GDPR: The role of the DPO
The GDPR, whose rules take effect on 25 May 2018, foresees that in certain cases a Data Protection Officer, hereinafter referred to as DPO, must be appointed.
This DPO is appointed on the basis of his or her professional qualities and, in particular, on the basis of expertise in the field of data protection legislation and practice.
Moreover, the DPO must be able to fulfil a number of tasks, in particular:
- provide the controller(s), the processors and their appointees with advice and information regarding their obligations under the legal provisions on data protection;
- ensure compliance with the legal provisions on data protection and the policy of the controller or processor in this respect;
- cooperate with the supervisory authority (in Belgium this is the Privacy Commission);
- act as a point of contact for the supervisory authority;
- if requested, provide advice on the data protection impact assessment (i.e. a procedure to assess the risk that the processing of certain data will bring) and supervise its implementation.
In which cases is the appointment of such a DPO now mandatory?
First of all, this is the case when the processing is done by a government agency.
It is also mandatory for controllers or processors who are mainly responsible for processing that, due to its nature, scope or purposes, requires regular and systematic observation on a large scale of those involved.
Finally, controllers and processors who are mainly responsible for the large-scale processing of special categories of data (such as ethnic origin, biometrics, …) and personal data relating to criminal convictions and criminal offences must also comply with this obligation.

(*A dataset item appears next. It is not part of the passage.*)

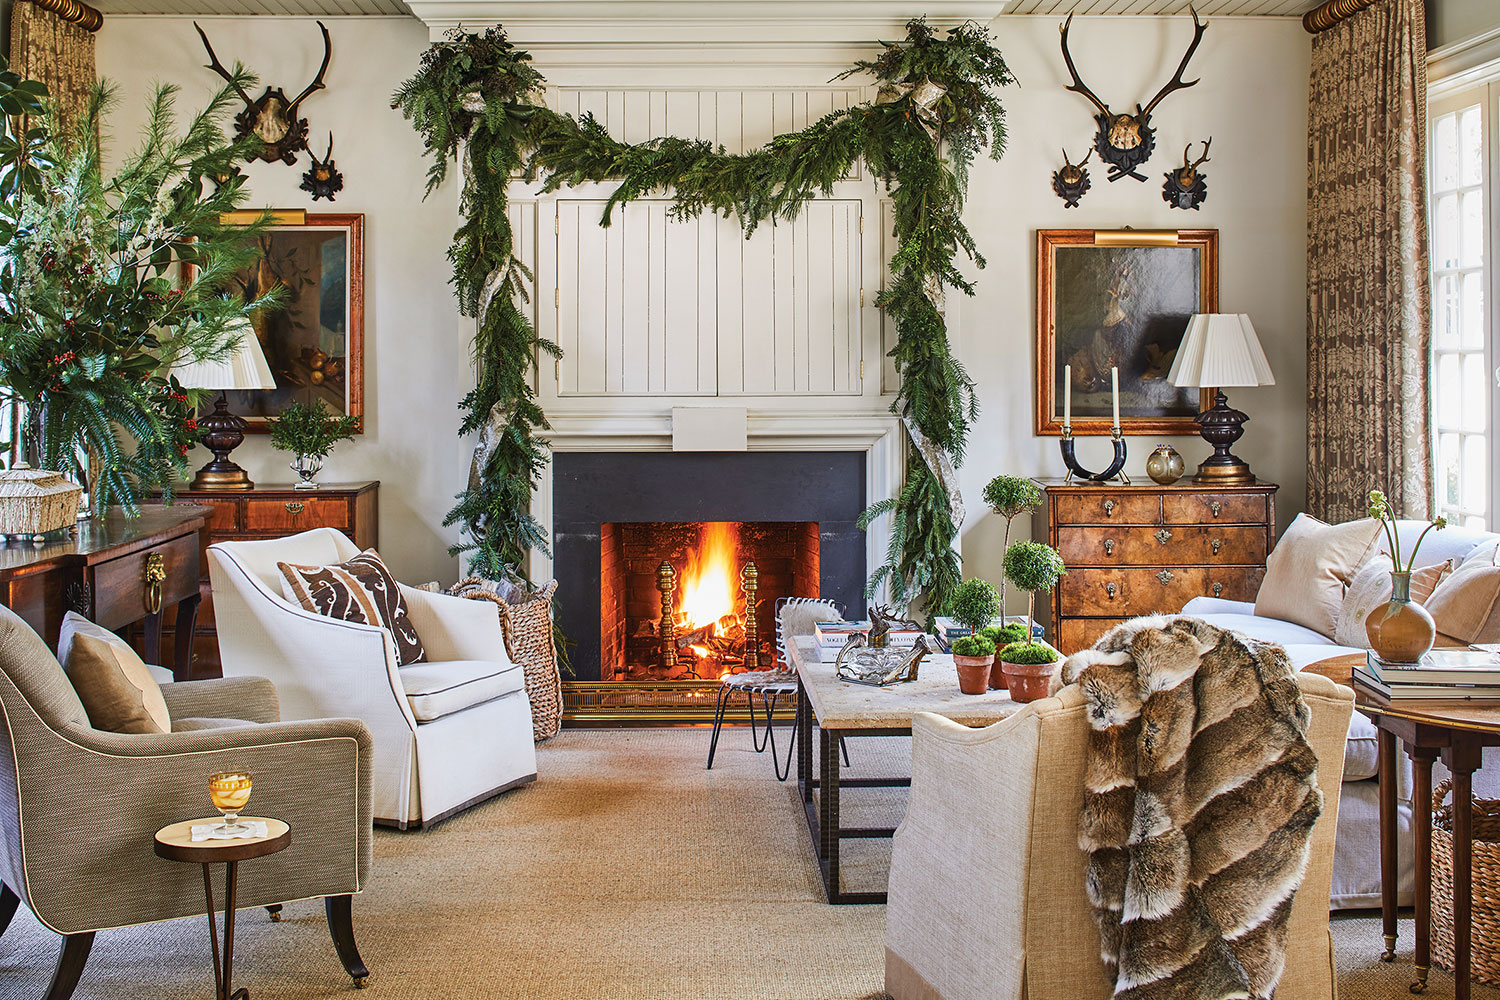 Family room with fireplace, large swag of greenery over fireplace.

Since the description of the controllers and processors who are obliged to appoint a DPO is vague in the GDPR, a lot of criteria have been provided that need to be considered in order to check whether or not they are subject to the obligation, such as the number of subjects whose data is being processed, the duration of the processing activities, etc.
It is therefore appropriate for each company to check whether it must appoint a DPO for its specific case and for the specific context in which it carries out processing activities.
The Privacy Commission has indicated in the meantime that it considers the appointment of a DPO as a good practice, even if not mandatory.
It should be noted here that if you choose to appoint a DPO, you must comply with the same rules that apply if you were obliged to appoint one.
Furthermore, an employee of the company may be appointed as DPO. In such a case, it is not necessary for this person to perform the function full-time. Combining this with the exercise of another position is still possible under certain conditions.
The DPO must be involved in all matters relating to data protection, he must receive the necessary resources and support for the performance of his duties, he must be able to work independently, he may not be dismissed or ‘punished’ for the performance of his duties as DPO, and he may not have a conflict of interest.
This last requirement implies that the DPO at the company may not hold a position in which he determines the purpose and means of processing the data, whereby in principle persons with a position within the senior management (CEO, COO, CFO, CIO, …) would be excluded. This requirement must also be assessed in concrete terms, which means that certain other positions will also have to be excluded.
However, a company can also opt for the appointment of an external DPO. This can be a natural or a legal person. In the latter case, it must be clearly indicated which natural person will handle the DPO services and how he or she can be contacted.
In accordance with the recommendations of the Privacy Commission, it is therefore recommended to:
- document the choice and job description of the DPO;
- list the positions that are incompatible with the position of DPO;
- draw up internal rules to prevent conflicts of interest.